BRIEF:
Nothing in the data should change when you return it, but leave the pictures out.

RECORDED DATA:

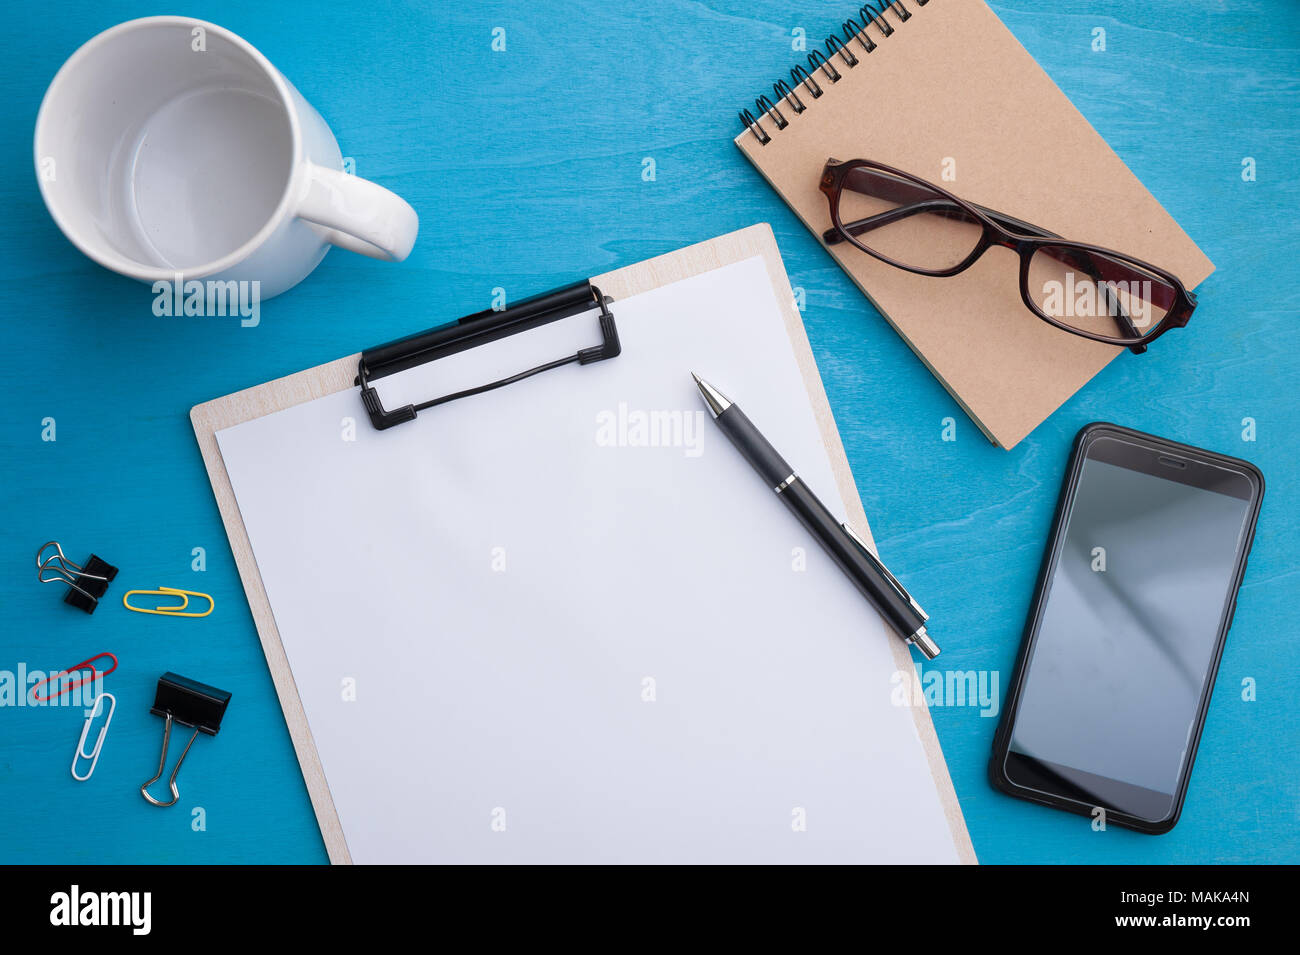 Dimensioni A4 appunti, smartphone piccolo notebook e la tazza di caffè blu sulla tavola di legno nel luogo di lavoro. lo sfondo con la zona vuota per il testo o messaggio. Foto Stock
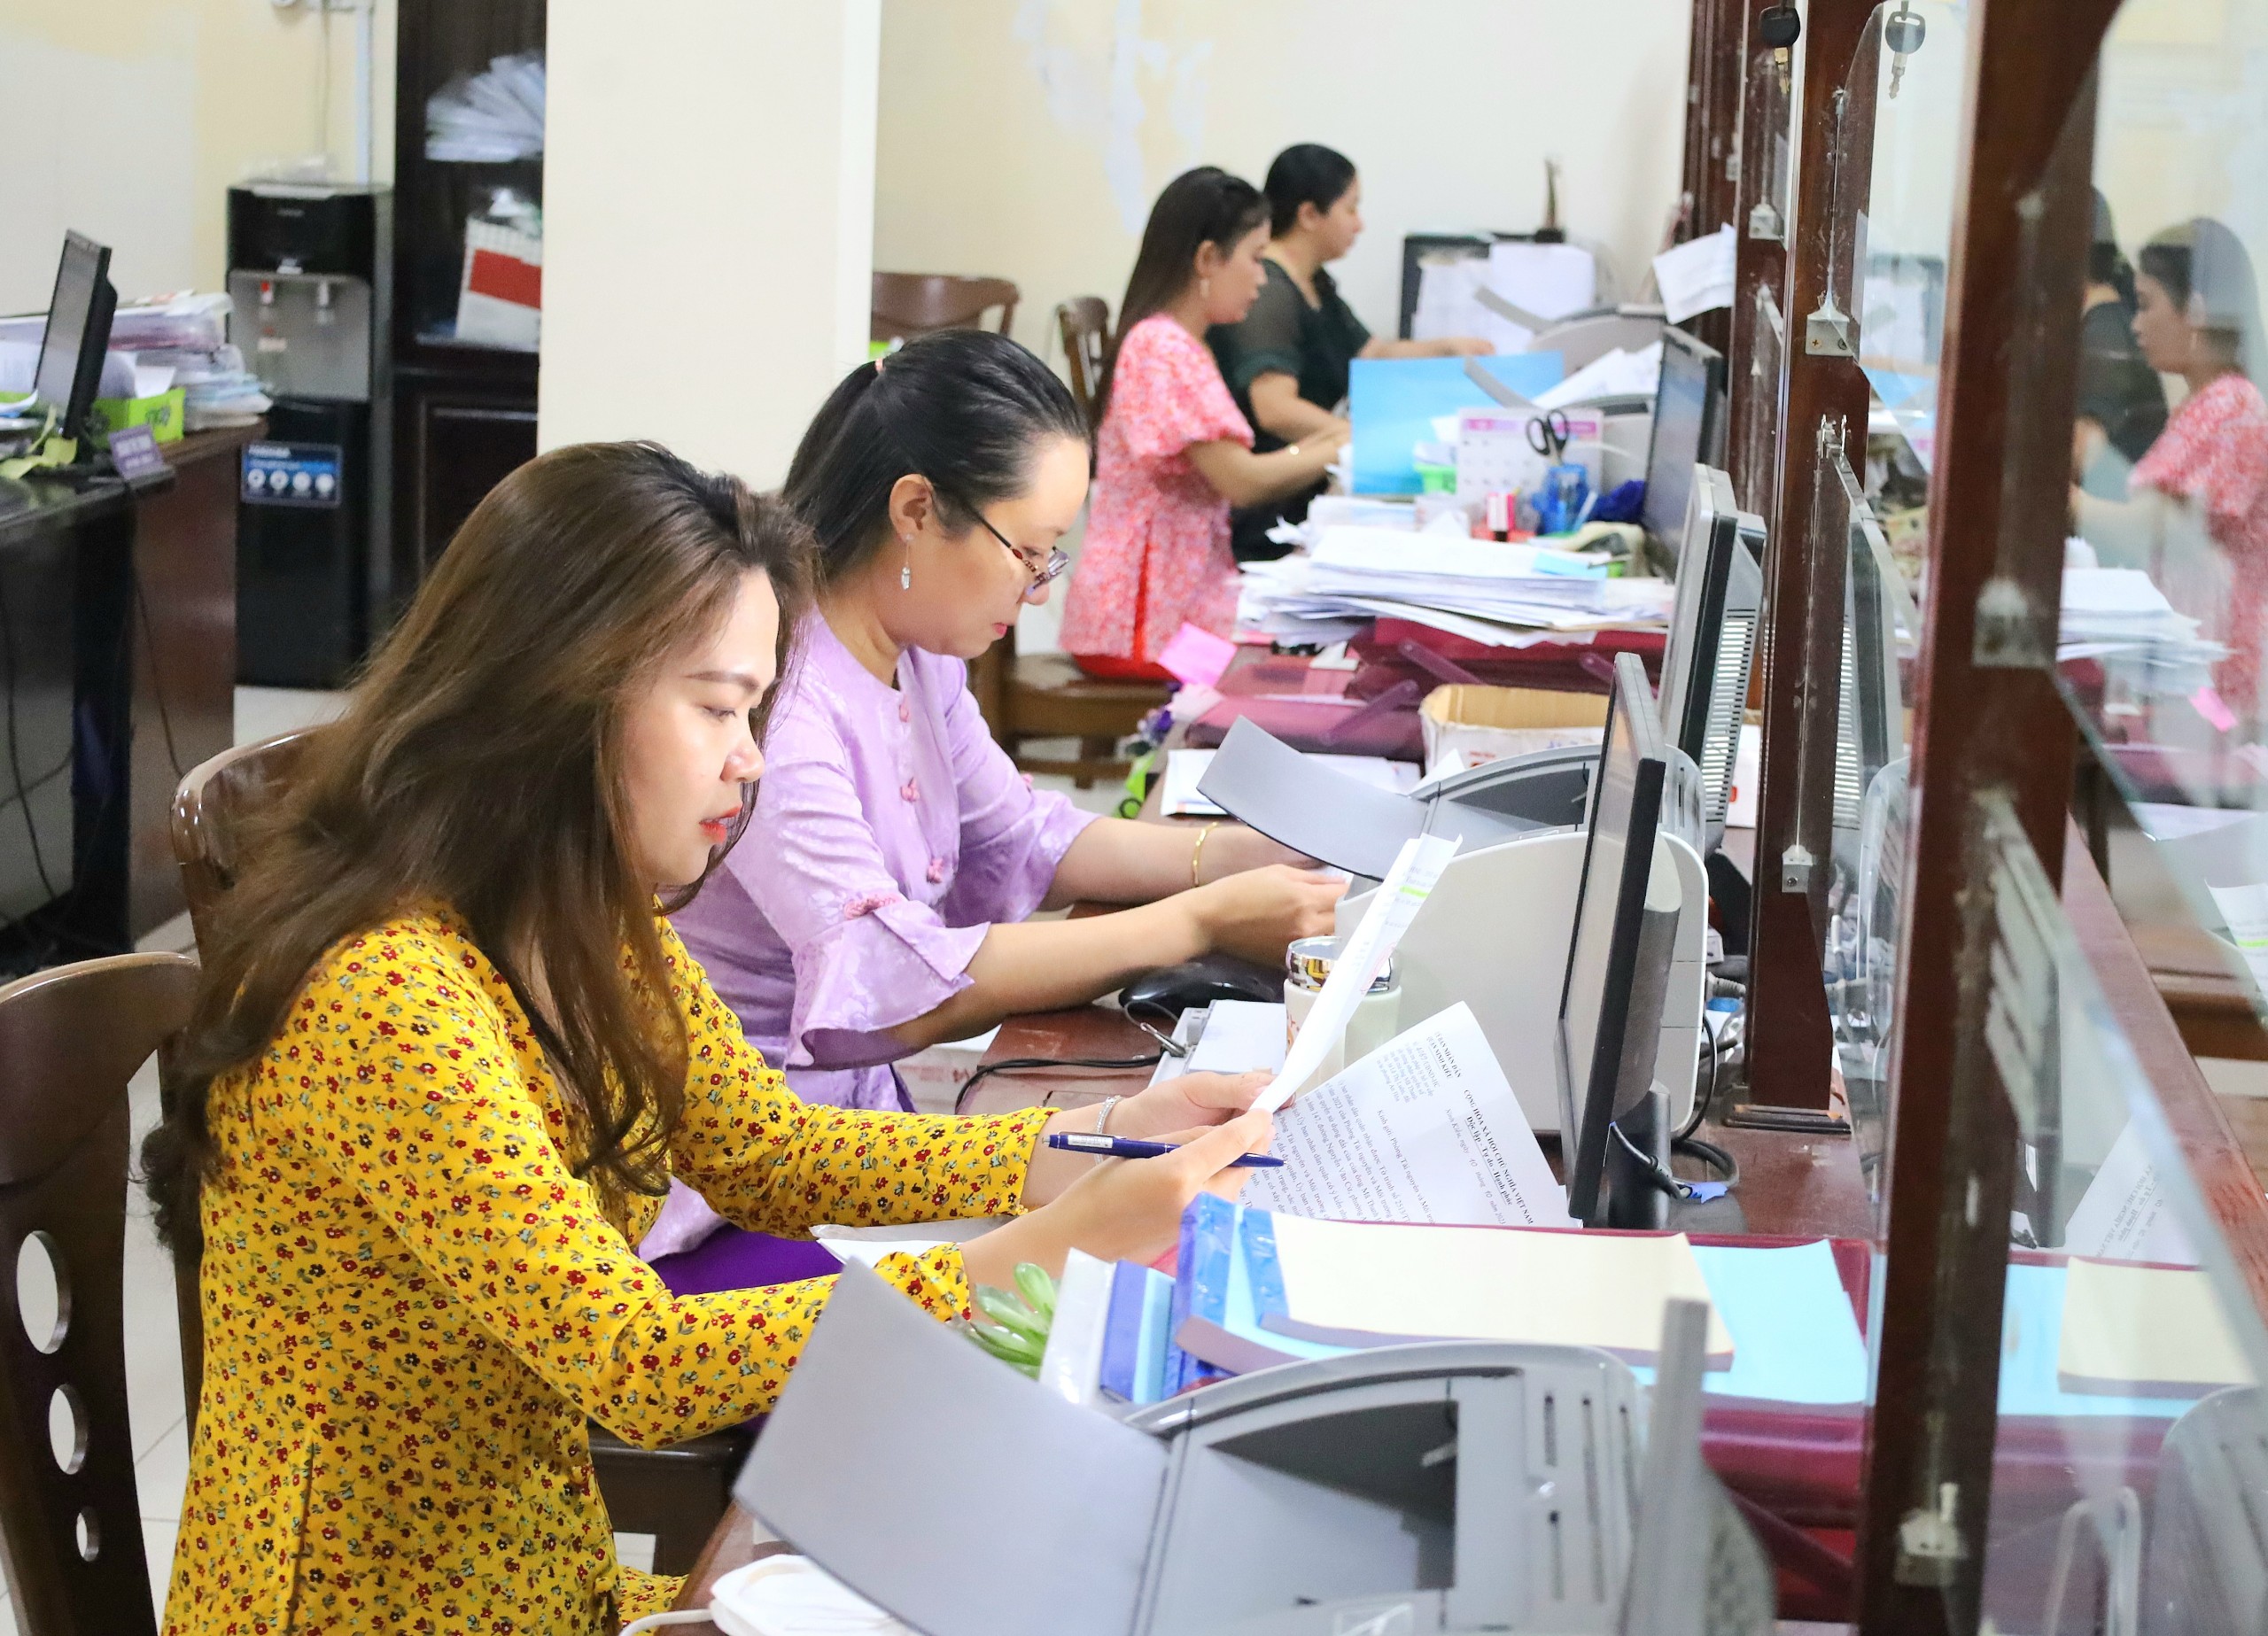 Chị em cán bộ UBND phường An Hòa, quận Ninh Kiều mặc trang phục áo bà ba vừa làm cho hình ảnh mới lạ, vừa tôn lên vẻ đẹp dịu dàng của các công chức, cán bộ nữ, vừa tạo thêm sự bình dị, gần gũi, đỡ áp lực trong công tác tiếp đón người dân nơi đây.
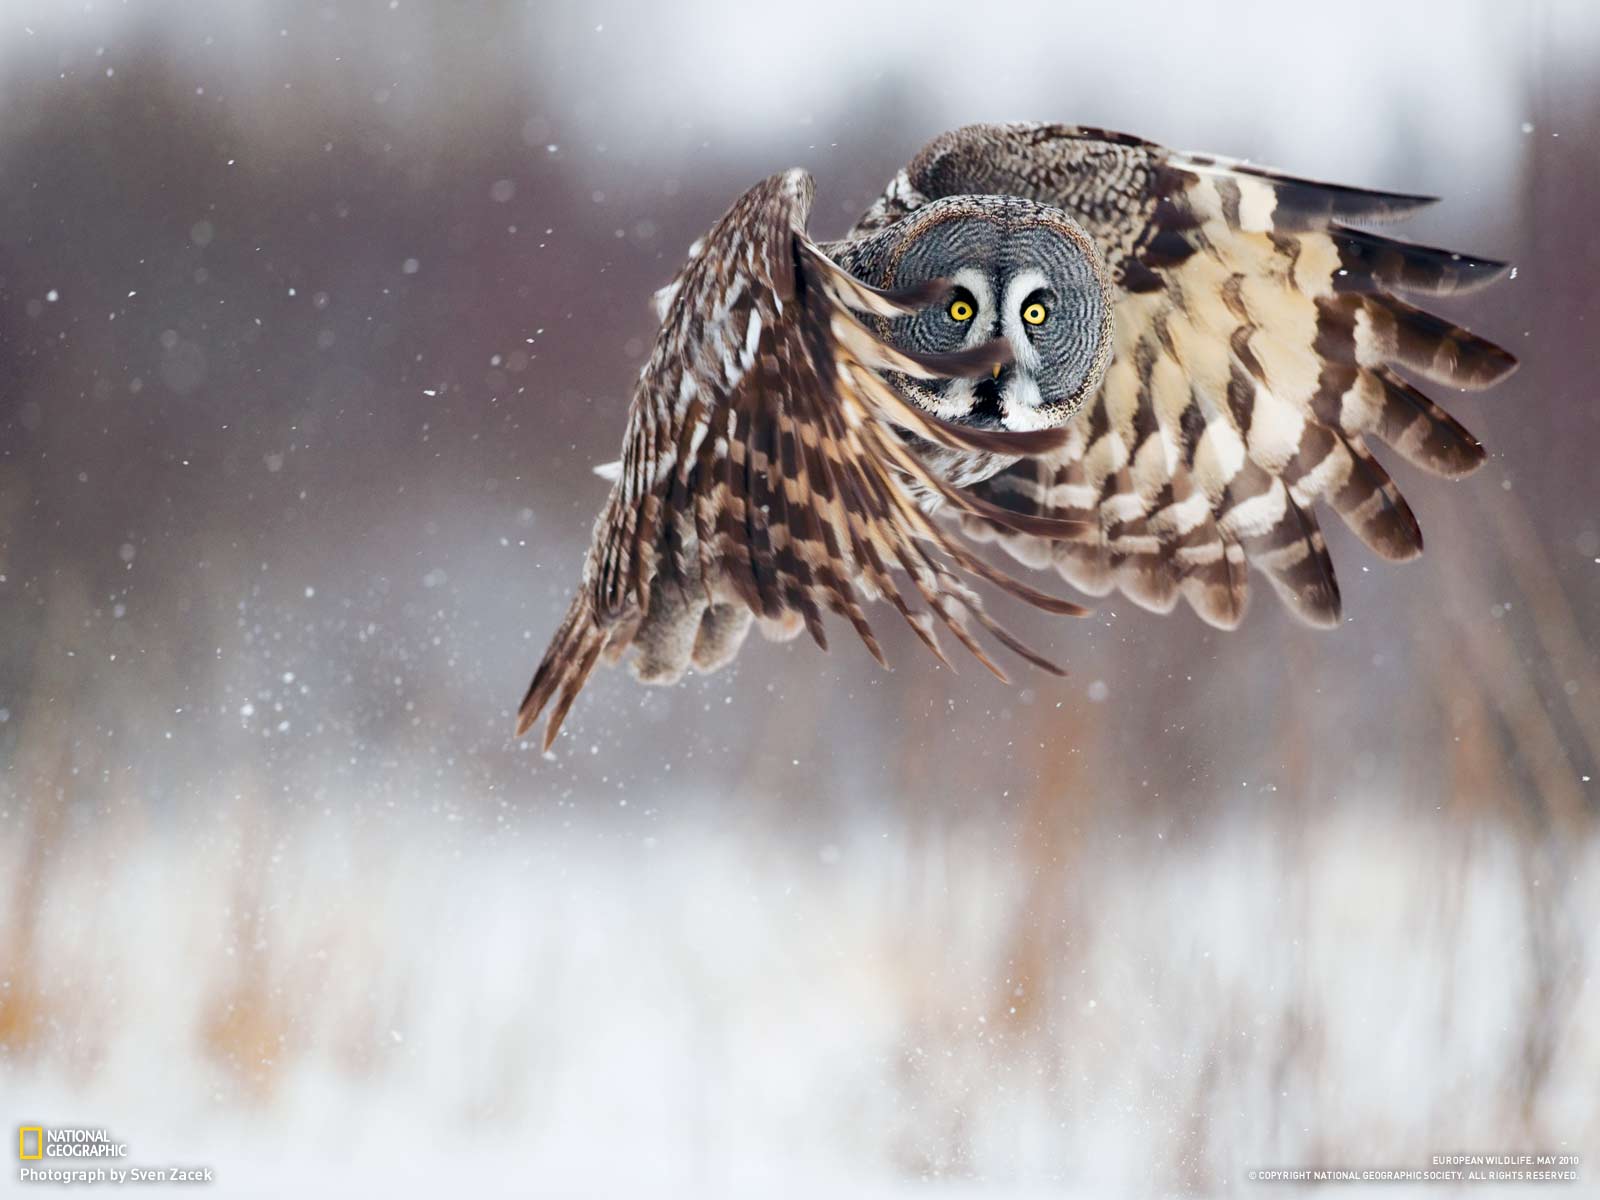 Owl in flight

RESPONSE TO THIS EXERCISE:
 Dimensioni A4 appunti, smartphone piccolo notebook e la tazza di caffè blu sulla tavola di legno nel luogo di lavoro. lo sfondo con la zona vuota per il testo o messaggio. Foto Stock
 Chị em cán bộ UBND phường An Hòa, quận Ninh Kiều mặc trang phục áo bà ba vừa làm cho hình ảnh mới lạ, vừa tôn lên vẻ đẹp dịu dàng của các công chức, cán bộ nữ, vừa tạo thêm sự bình dị, gần gũi, đỡ áp lực trong công tác tiếp đón người dân nơi đây.
 Owl in flight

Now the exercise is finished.